Q Having read about rollover relief from capital gains tax (CGT) in Farmers Weekly, we would like to know what happens when land bought with rollover relief is passed to someone after the original owner dies. Does this have to be repaid from the estate or can the relief be continued until the recipient sells?
A On an individual’s death, all assets are uplifted to market value and no CGT is payable. Therefore, gains that have been rolled over into assets held at death do not become chargeable to tax, and the whole gain is “washed out”.
Assets owned by the deceased may suffer inheritance tax (IHT), although if the relevant assets wholly qualify for an IHT relief such as agricultural properly relief or business property relief, the assets can be passed to the inheriting individual with no tax liability arising.
See also: Tax considerations for farm cottages
Rollover relief from CGT is available for an individual when qualifying assets used in their trading business are sold, there is a capital gain and the proceeds are reinvested in other qualifying assets to be used by the individual in their trading business. This does not have to be the same business or even the same trade.
Relief is available to sole traders and partners in a partnership. Relief is also available to limited companies or where individuals own an asset personally that is used by a company they own.
The acquisition of the replacement asset must be within a period commencing one year before and ending three years after the disposal. HM Revenue and Customs may agree to extend the period, to allow relief on purchases up to two years before and six years after a disposal in certain situations. A claim has to be made for the relief.

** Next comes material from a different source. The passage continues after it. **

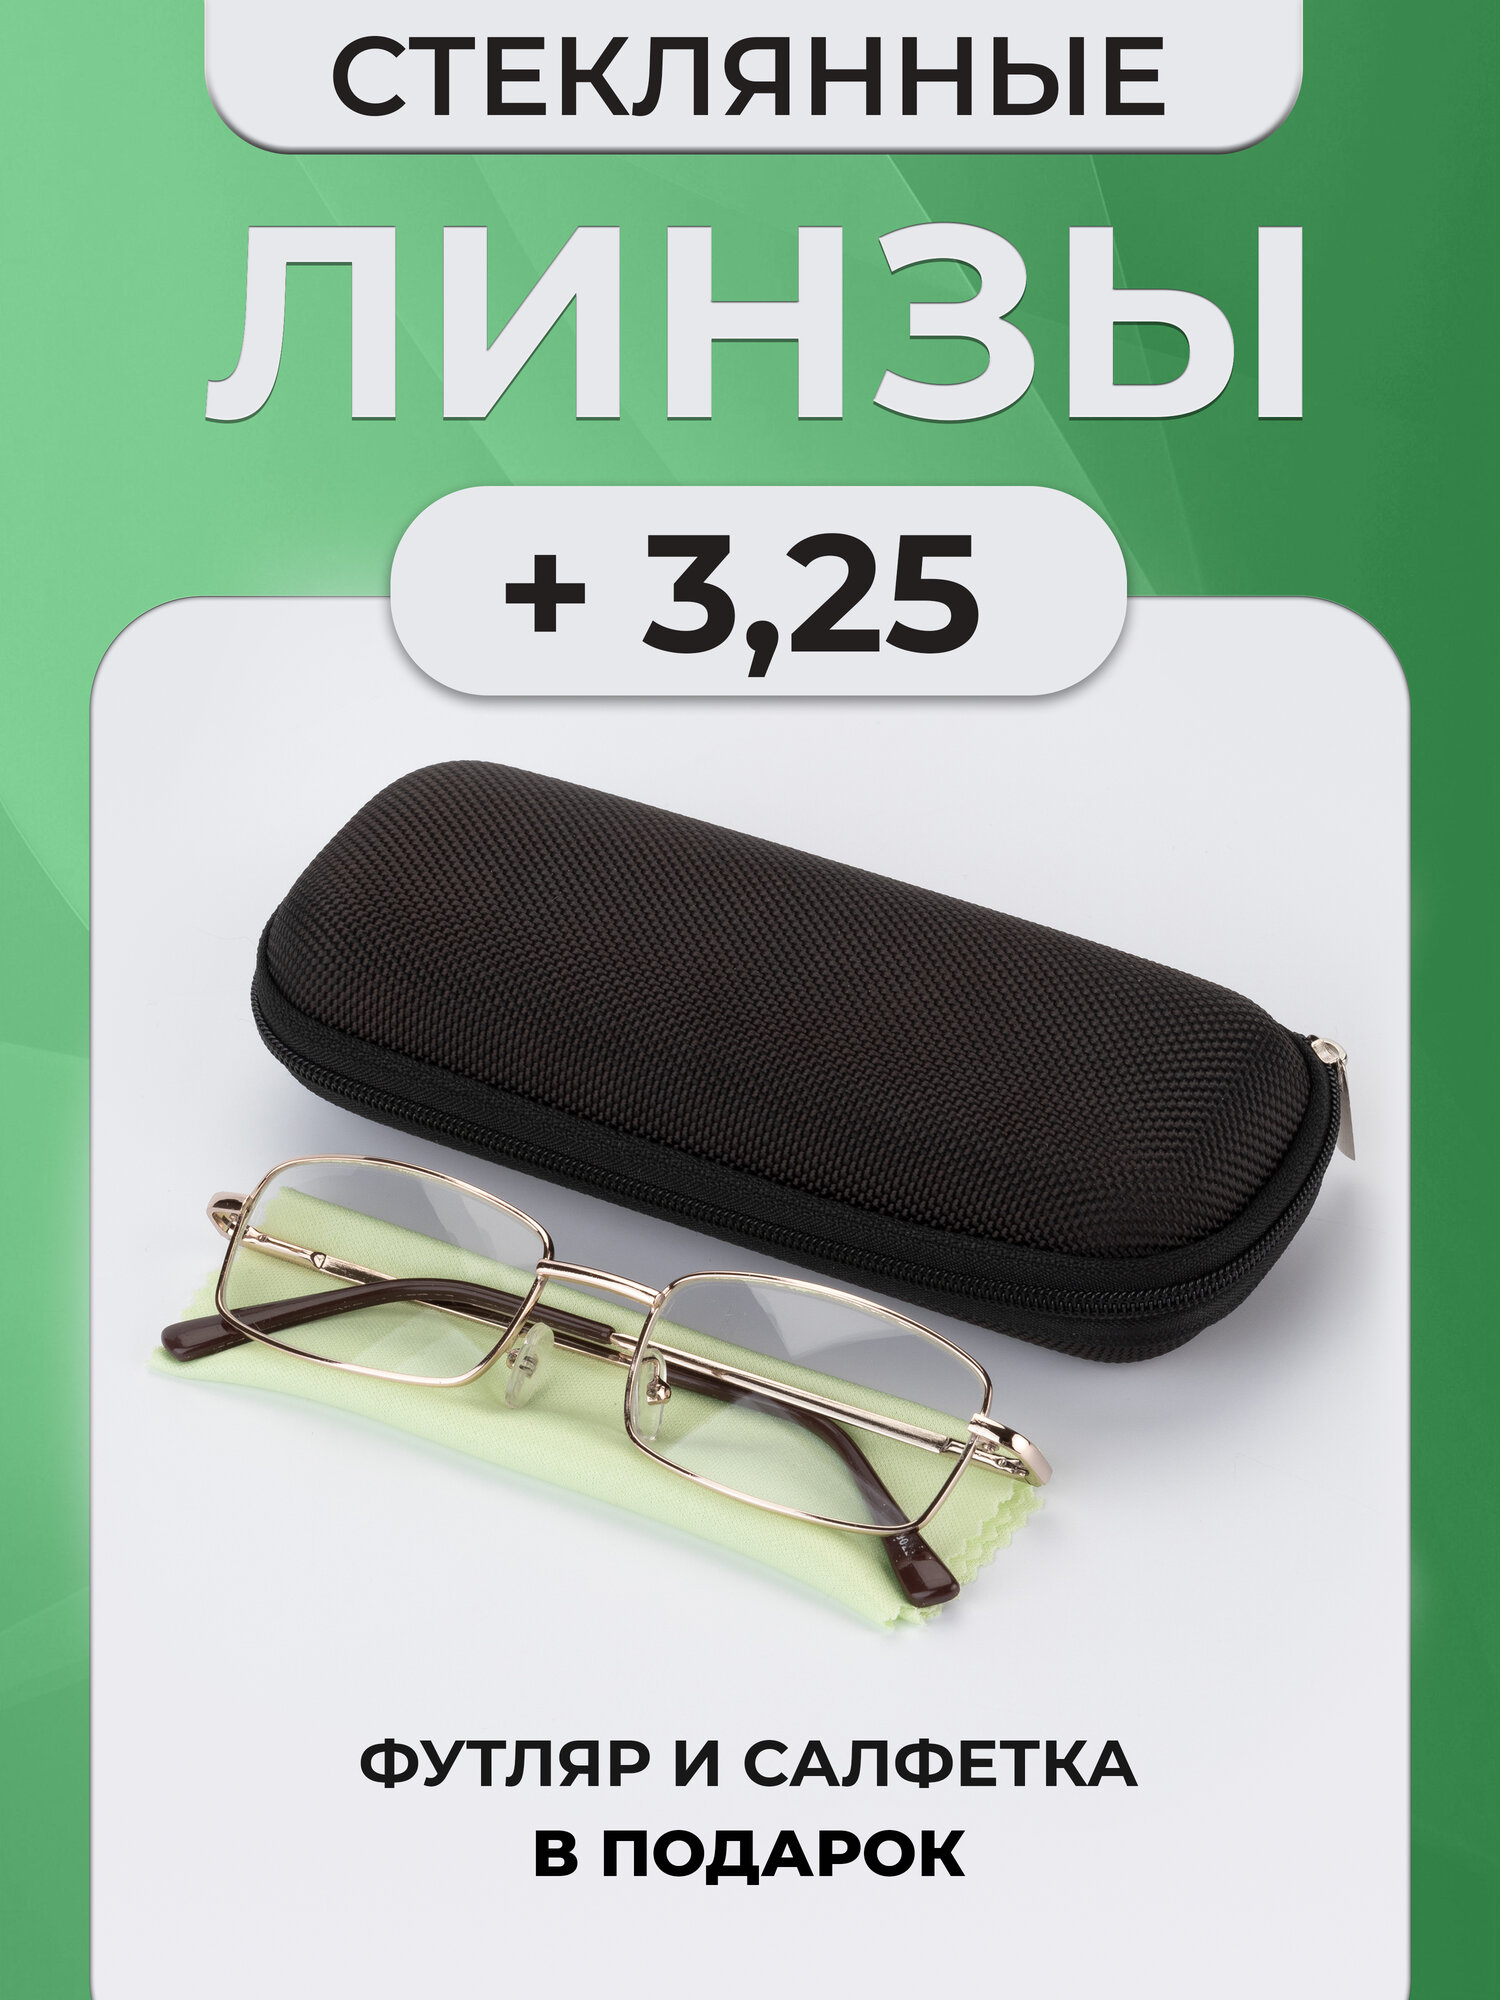 Готовые очки для зрения с диоптриями +3,25

For full relief, all the proceeds must be reinvested. Also, if the asset being sold has not always been used in a trading business, then relief is restricted on a pro-rata basis to the trading period.
No rollover relief will be available until proceeds at least equal to the cost of the asset being sold are reinvested. For example, if an asset purchased for £400,000 is sold for £1m, no rollover relief will be available in respect of the £600,000 capital gain until replacement qualifying assets costing at least £400,000 have been acquired.
For farming businesses, relevant qualifying assets include land and buildings but not normally farmhouses occupied by anyone other than an employee.
Fixed plant and machinery, for example, an anaerobic digester or grain dryer, is also a qualifying asset, but only for a maximum of 10 years, when the gain becomes chargeable, if other qualifying assets have not been acquired in that period.
It is important to note that to extend the rollover relief period beyond 10 years, the replacement qualifying assets must be purchased before the 10 years have elapsed.
It is worth remembering that provided the replacement asset is used in the trade immediately, even if the asset stops being used in the trade in the future, then there is no clawback of the rollover relief on purchase.
Many farming businesses are now structured to include a company alongside a partnership. Gains made by an individual on qualifying assets can be rolled into qualifying assets used in a different trading business they own.
However, gains on assets used in a sole trade or partnership will not qualify for the relief where the proceeds are used to acquire qualifying assets to be used by a limited company which the individual owns.
Where relief is claimed on gains on assets owned personally by an individual and used by a company, HMRC takes the view that relief is only available if the proceeds are reinvested in other assets used by the same company.